I had an issue with a drive last night and noticed that if a drive drops out the farmer just continues looking for it with an error and does not keep farming the other drives. Drives do go bad and can disconnect for various reasons but I understand it does not happen often. Would it be worth looking into making the farmer continue farming if this occurs?
Did the whole farmer process exit? I am planning to make it just print an error about the farm that failed and continue, just didn’t get to it yet.
No it did not exit, just kept printing the error over and over and nothing else.
It’s the same topic I posted here other day. I’ve had same issue when one of my disk got faulty.
Do you have logs from right before this happened? Ideally as text, screenshots are painful to work with.

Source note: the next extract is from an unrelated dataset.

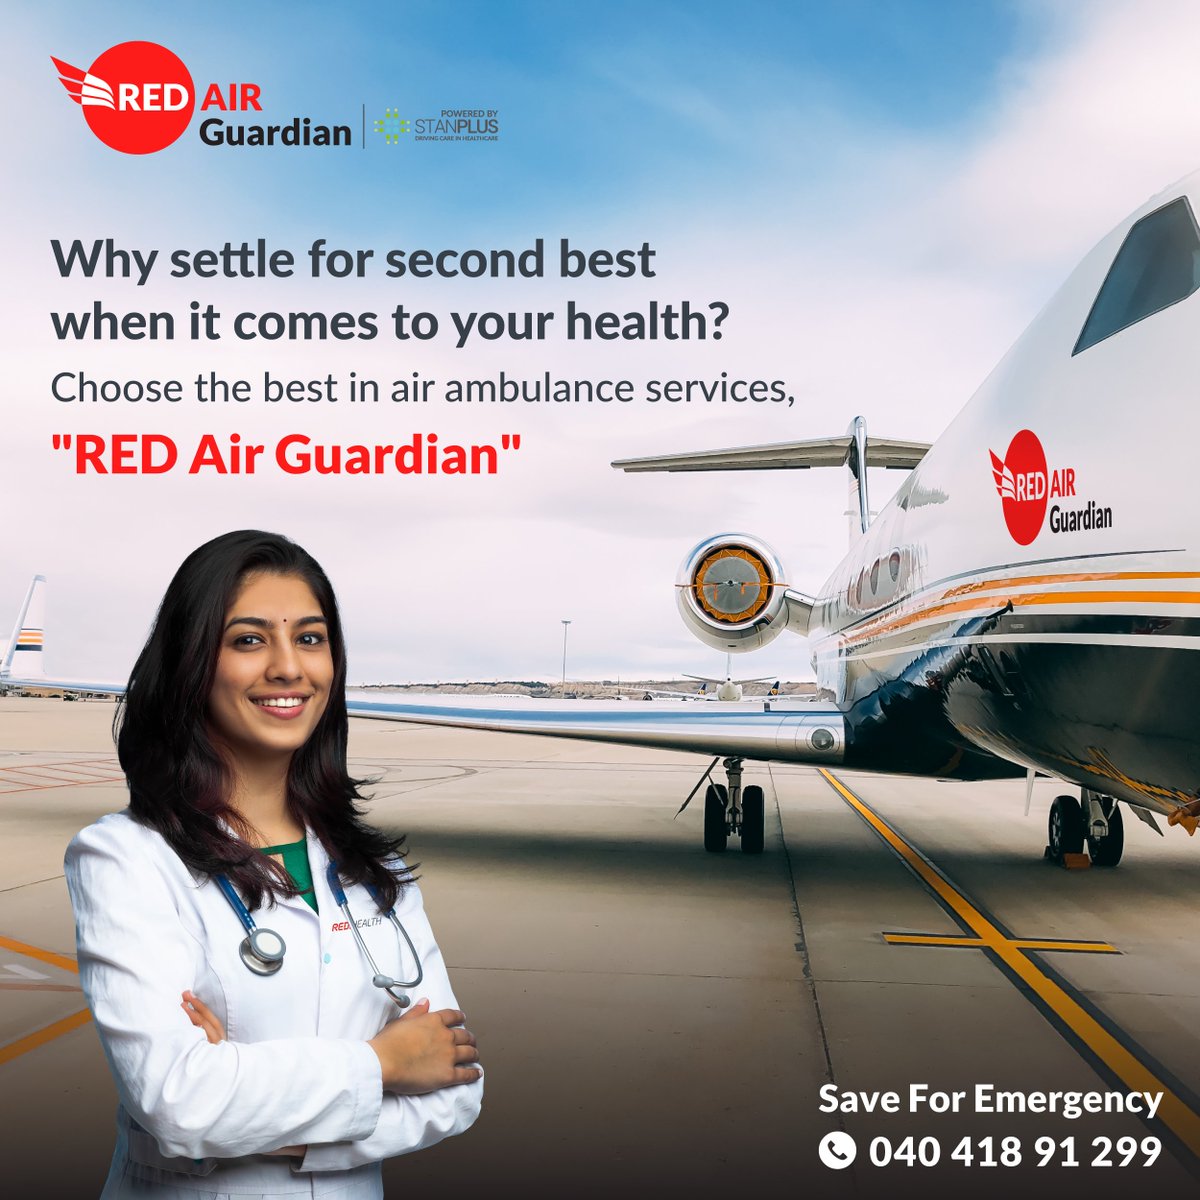 RED Air Guardian offers the premier air ambulance services in need of medical transportation. Trust us to get you the care you need. 

#ambulance #healthcare #medicalresponse #fastestmedicalresponseteam #twitter #airambulance #EmergencyMedicalTransportation #REDAirGuardian

Should be addressed by Improve error handling by nazar-pc · Pull Request #2639 · subspace/subspace · GitHub
For me, the whole farmer process exit.
This happened many times on one of my machine, maybe because there is something wrong with sata power cable, every one day or so, a disk would be drops out and the farmer would exit, I would have to re-plugin the disk and re-launch farmer.
It would be great if we can keep farmer running with the left disks with a warning message. Below is the log when this happens:
2024-03-24T21:07:32.765924Z INFO {farm_index=0}: subspace_farmer::reward_signing: Successfully signed reward hash 0xf43feccf866e52102357bee67d000e25013c648ea0a9af0fb43db88a19feeb1b
2024-03-24T23:12:03.557530Z INFO {farm_index=1}: subspace_farmer::reward_signing: Successfully signed reward hash 0x9c20001740f45e709b180b013b08152c8f182af7f3b94a2b809b7ead21a4848c
2024-03-24T23:17:20.192270Z WARN subspace_networking::behavior::persistent_parameters: Failed to flush known peers to disk error=A device which does not exist was specified. (os error 433)
Error: Low-level auditing error: Failed read s-bucket 34783 of sector 330: A device which does not exist was specified. (os error 433)
Caused by:
Failed read s-bucket 34783 of sector 330: A device which does not exist was specified. (os error 433)
You should definitely look into that. While we can make code behave better in those cases, we’ll not be able to make missing drive re-appear again.